→ Exercise details: Could the lines from the start of the data through the line with "St Tropez GM Tote in Blue & Champagne" be set down exactly, with no pictures among them?

→ Provided data:

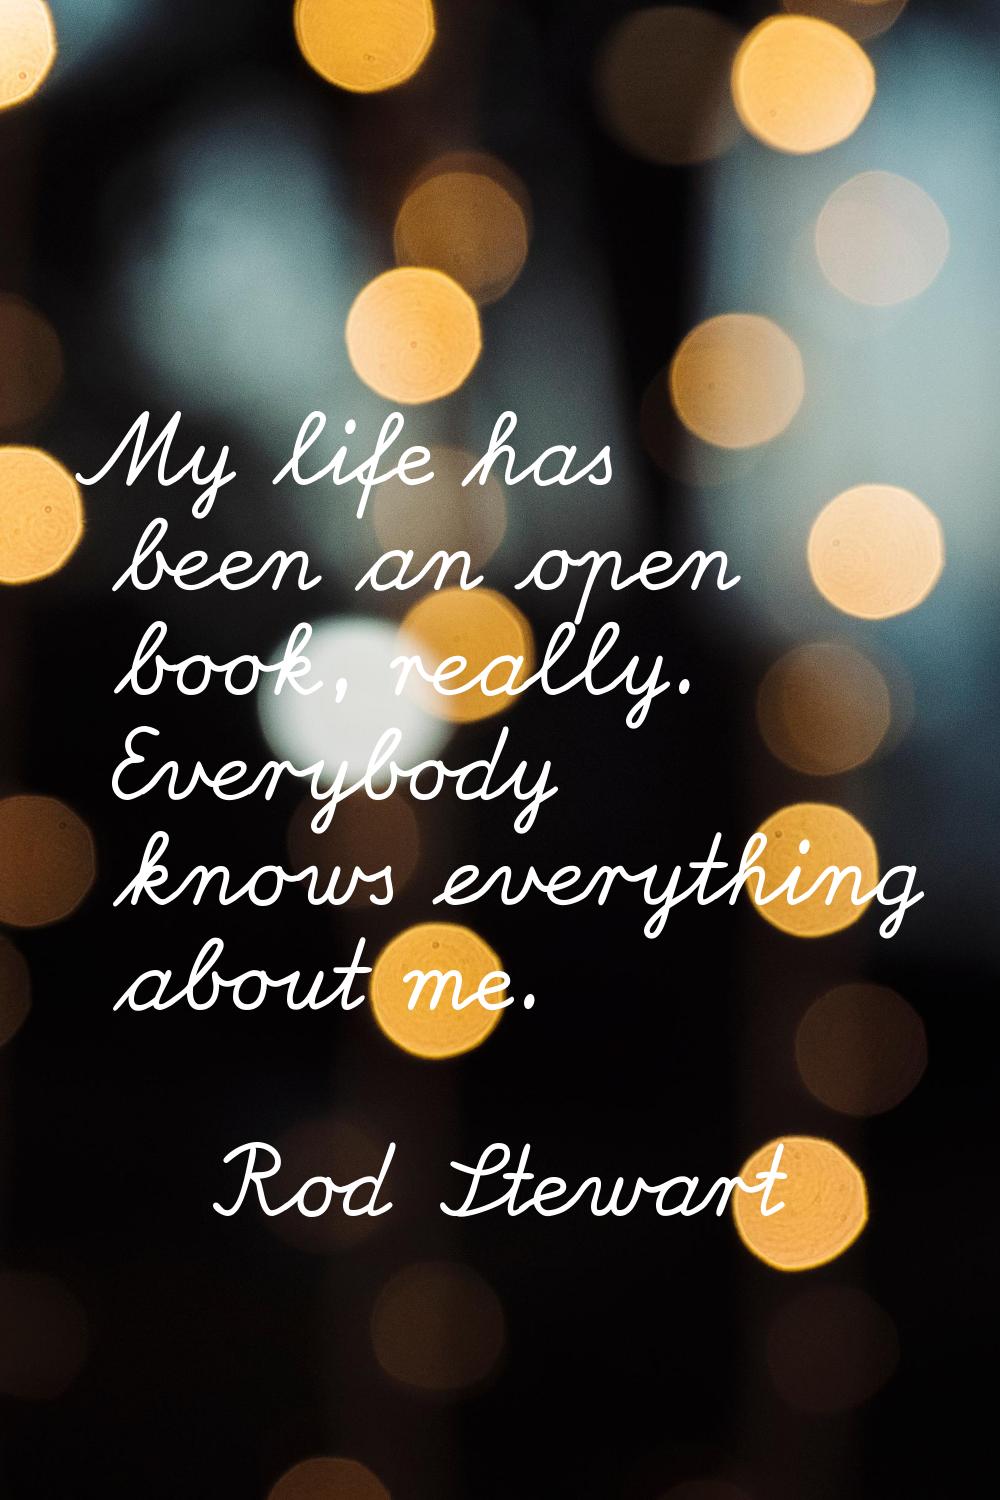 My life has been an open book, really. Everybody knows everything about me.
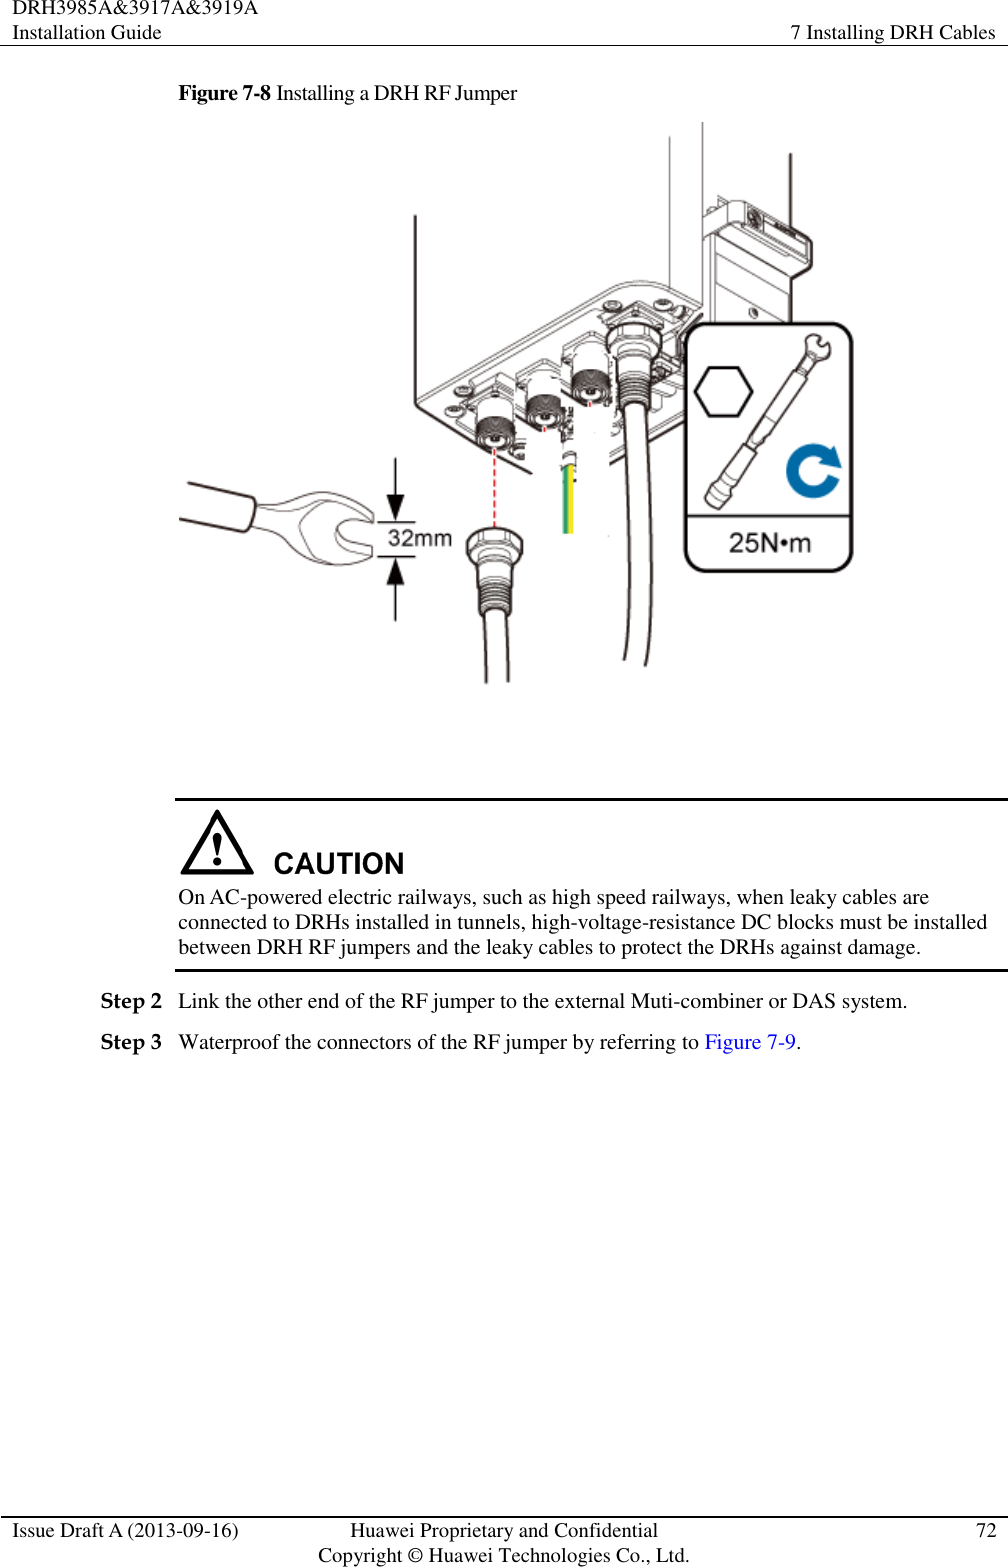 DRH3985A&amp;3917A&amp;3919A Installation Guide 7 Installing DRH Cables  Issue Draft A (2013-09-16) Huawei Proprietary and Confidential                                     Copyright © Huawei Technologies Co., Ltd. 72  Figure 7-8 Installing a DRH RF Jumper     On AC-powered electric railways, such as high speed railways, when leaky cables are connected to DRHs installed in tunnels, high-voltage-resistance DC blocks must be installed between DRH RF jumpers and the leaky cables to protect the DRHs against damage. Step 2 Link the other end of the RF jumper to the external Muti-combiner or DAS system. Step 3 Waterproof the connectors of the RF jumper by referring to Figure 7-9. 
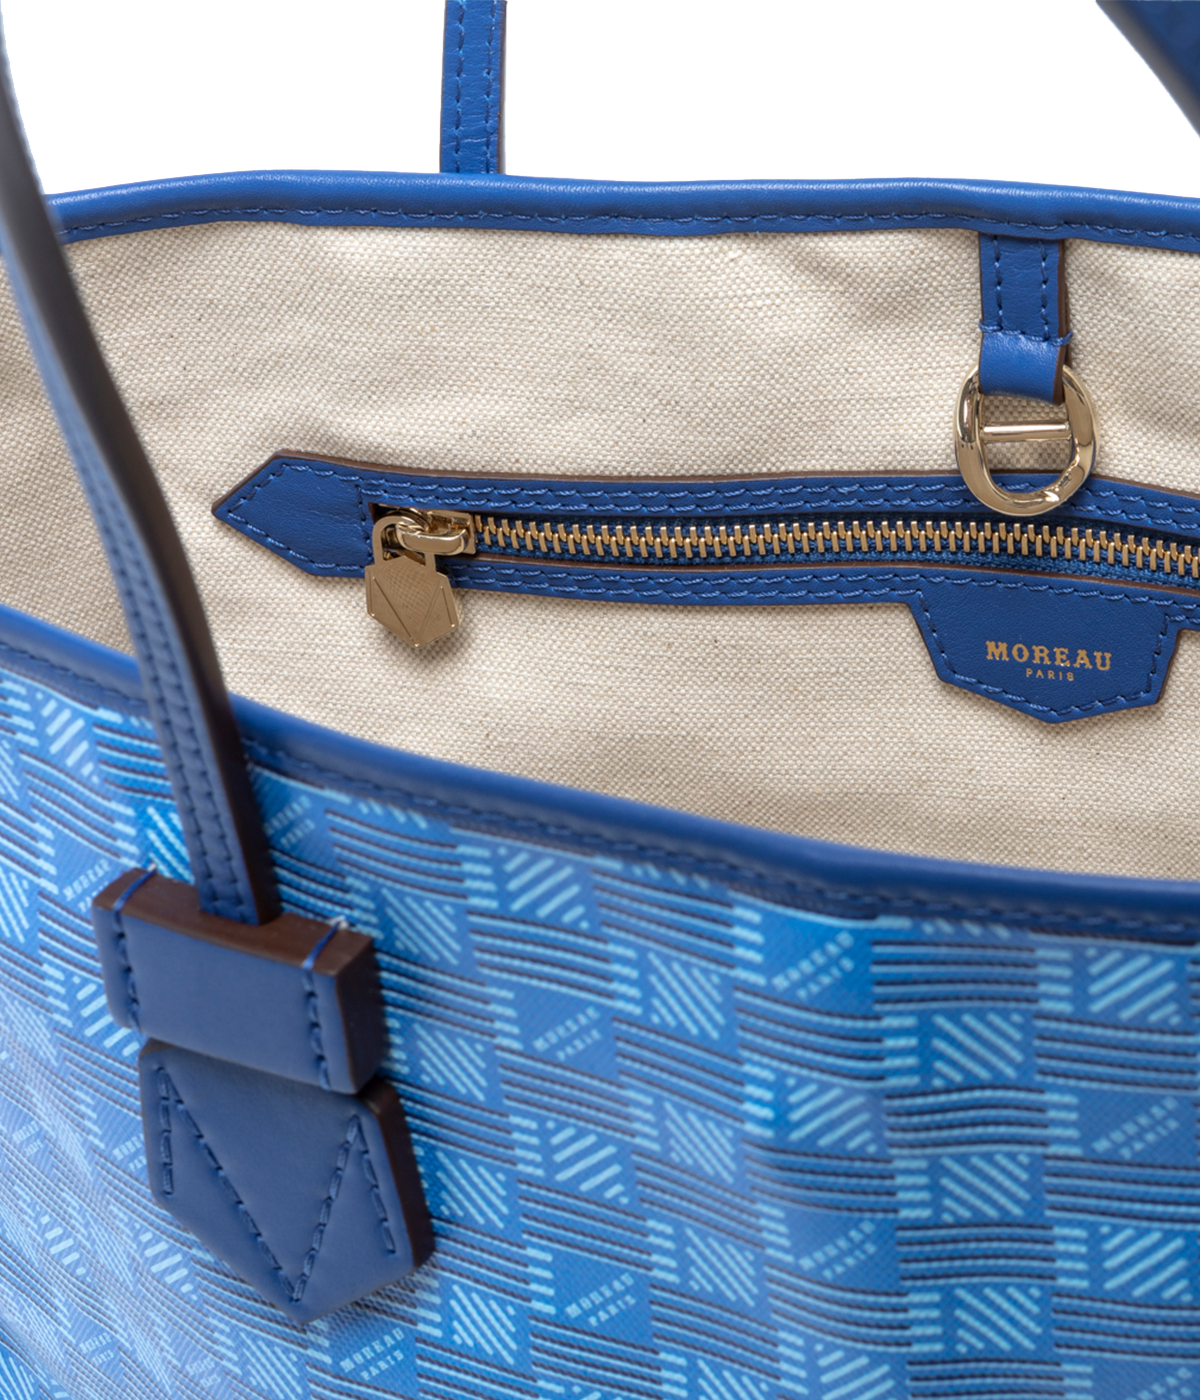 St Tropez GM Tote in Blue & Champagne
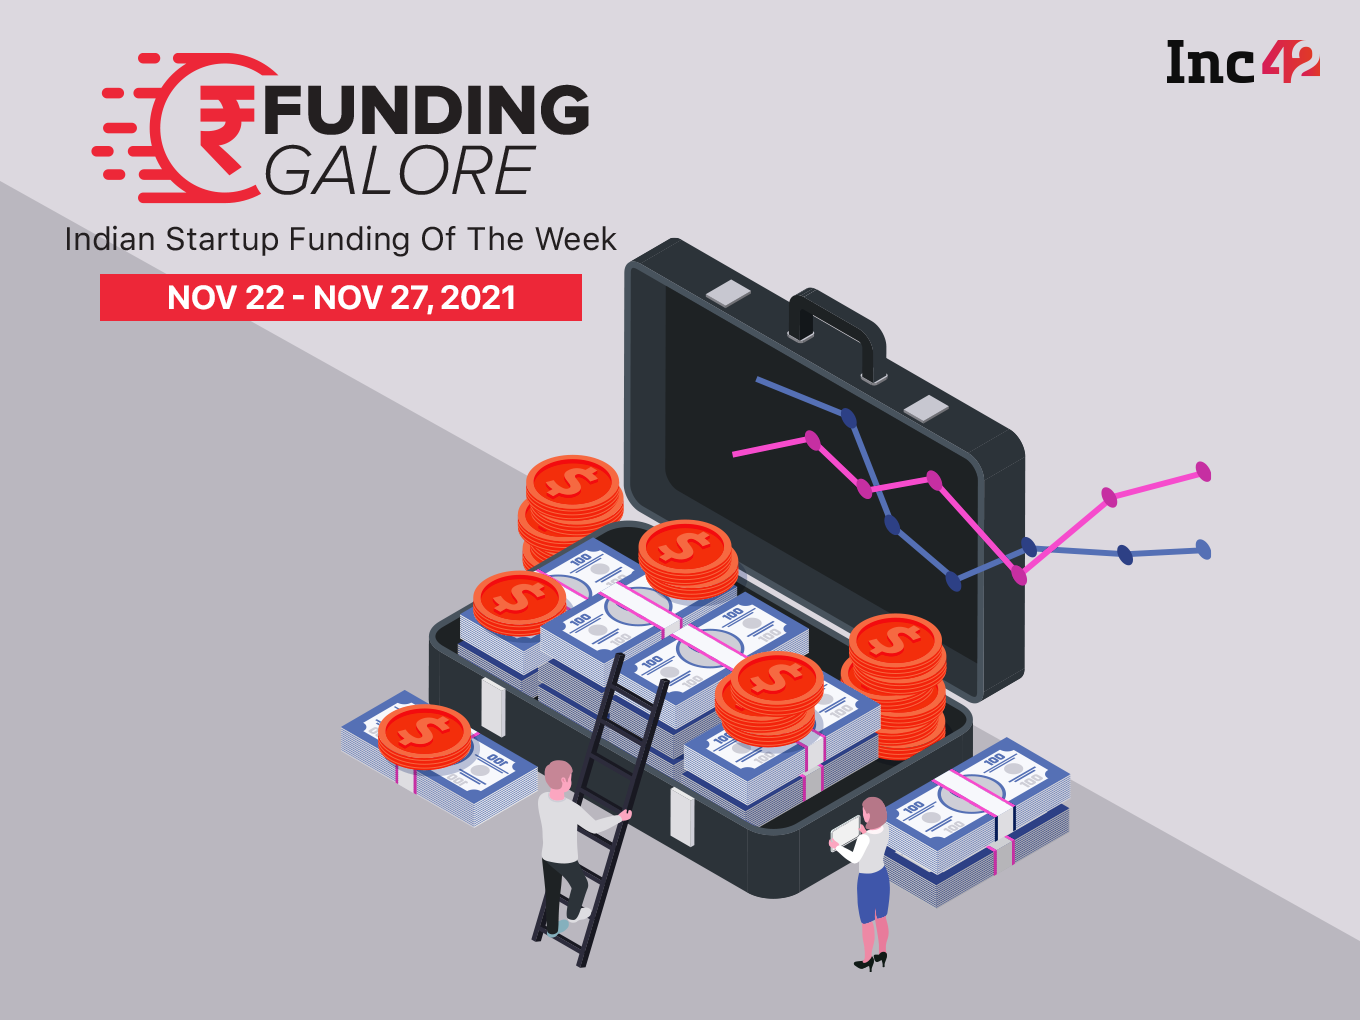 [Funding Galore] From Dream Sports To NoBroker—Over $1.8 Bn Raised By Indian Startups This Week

→ Answer section:
 My life has been an open book, really. Everybody knows everything about me.
 DRH3985A&amp;3917A&amp;3919A Installation Guide 7 Installing DRH Cables  Issue Draft A (2013-09-16) Huawei Proprietary and Confidential                                     Copyright © Huawei Technologies Co., Ltd. 72  Figure 7-8 Installing a DRH RF Jumper     On AC-powered electric railways, such as high speed railways, when leaky cables are connected to DRHs installed in tunnels, high-voltage-resistance DC blocks must be installed between DRH RF jumpers and the leaky cables to protect the DRHs against damage. Step 2 Link the other end of the RF jumper to the external Muti-combiner or DAS system. Step 3 Waterproof the connectors of the RF jumper by referring to Figure 7-9. 
 St Tropez GM Tote in Blue & Champagne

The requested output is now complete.